カプセル化された酵素と小さなプローブ分子の機能的フォトコントロールのための小さなメッシュサイズヒドロゲル

以前は、「タンパク質によるタンパク質の活性化とケージからの放出」（外部光による放出」（Parcel）メソッドを開発して、光分解性ヒドロゲルでそれらをカプセル化し、その後ゲルの紫外線（UV）照射によってそれらを放出することにより、タンパク質の機能を制御しました。ただし、照射なしでヒドロゲルのメッシュ構造のギャップ（約12.4 nm）から小さなタンパク質が漏れる可能性があるため、小さなタンパク質を制御することは困難です。ここでは、メッシュサイズ（〜3.6 nm）の光分解性ゲルを開発し、新しいゲルを使用して、3つの小さな酵素（トリプシン、キモトリプシン、およびエラスターゼ）といくつかの小さな非タンパク質分子の機能を制御しました。新しいゲルは、照射なしのタンパク質の漏れの減少を示し、ゲルカプセル化トリプシンの照射によりトリプシン活動が約78倍増加しました。新しいゲルは、小さなDNA特異的蛍光プローブである4 '、6-ジアミジノ-2-フェニルインドール（DAPI、分子量277）のカプセル化と放出も可能にしました。ゲルカプセル化DAPIへの照射とその後のDNAの添加の後、DAPI-DNA複合体の強い蛍光が観察されました。我々の結果は、ゲルメッシュサイズを12.4から3.6 nmに減らすことにより、不活性状態とその後の光誘発放出でさまざまなタンパク質と小分子のカプセル化が可能になるはずであることを示しています。この方法は、光活性化バイオセンサー、薬物送達システム、および触媒の準備に役立つと予想しています。

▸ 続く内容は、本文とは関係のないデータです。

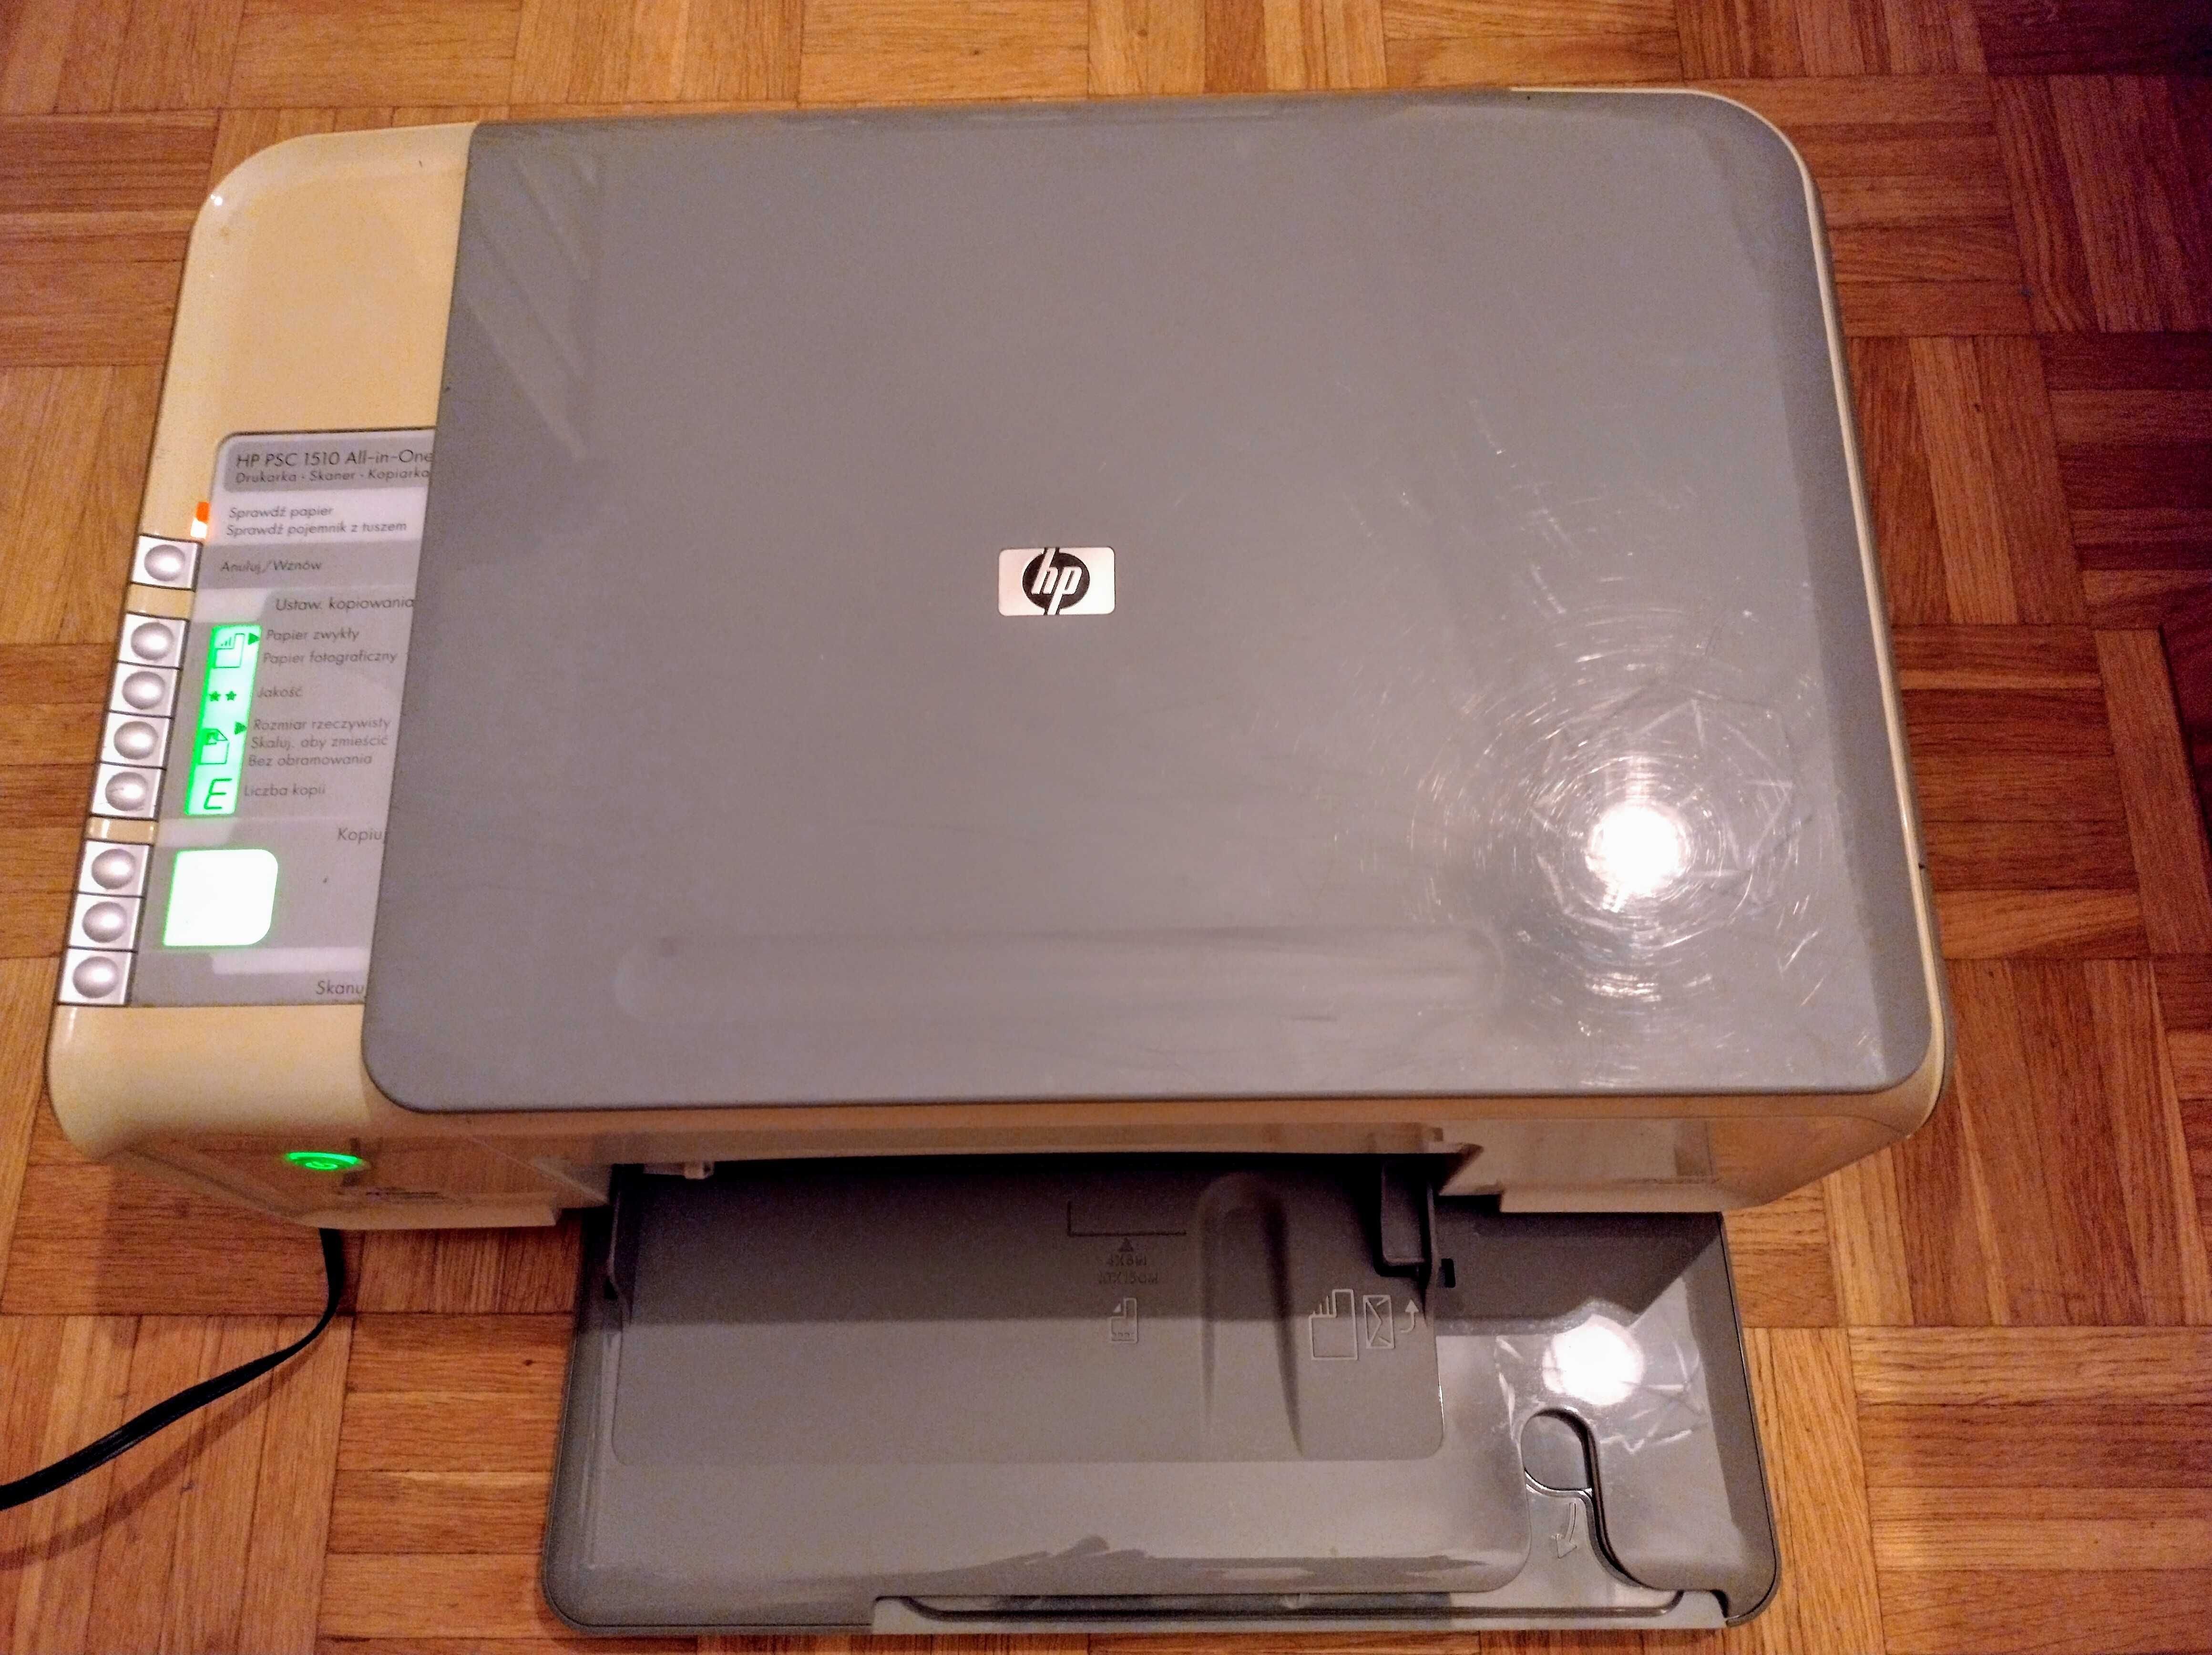 Drukarka wielofunkcyjna (skaner, kopiarka) HP PSC 1510

Previously, we developed the "protein activation and release from cage by external light" (PARCEL) method for controlling the function of proteins by encapsulating them in a photodegradable hydrogel and subsequently releasing them by ultraviolet (UV) irradiation of the gel. However, controlling small proteins is difficult because small proteins can leak from the gap (ca. 12.4 nm) of the mesh structure of the hydrogel without irradiation. Here, we developed a photodegradable gel with a smaller mesh size (~3.6 nm) and used the new gel to control the function of three small enzymes (trypsin, chymotrypsin, and elastase) and several small nonprotein molecules. The new gel showed reduced leakage of the proteins without irradiation, and tryptic activity increased approximately 78-fold upon irradiation of gel-encapsulated trypsin. The new gel also permitted encapsulation and release of 4',6-diamidino-2-phenylindole (DAPI, molecular weight 277), a small DNA-specific fluorescent probe. After irradiation to the gel-encapsulated DAPI and subsequent addition of DNA, strong fluorescence of the DAPI-DNA complex was observed. Our results indicate that reducing the gel mesh size from 12.4 to 3.6 nm should allow the encapsulation of various proteins and small molecules in an inactive state and their subsequent light-induced release. We expect this method to be useful in preparation of photoactivated biosensors, drug delivery systems, and catalysis.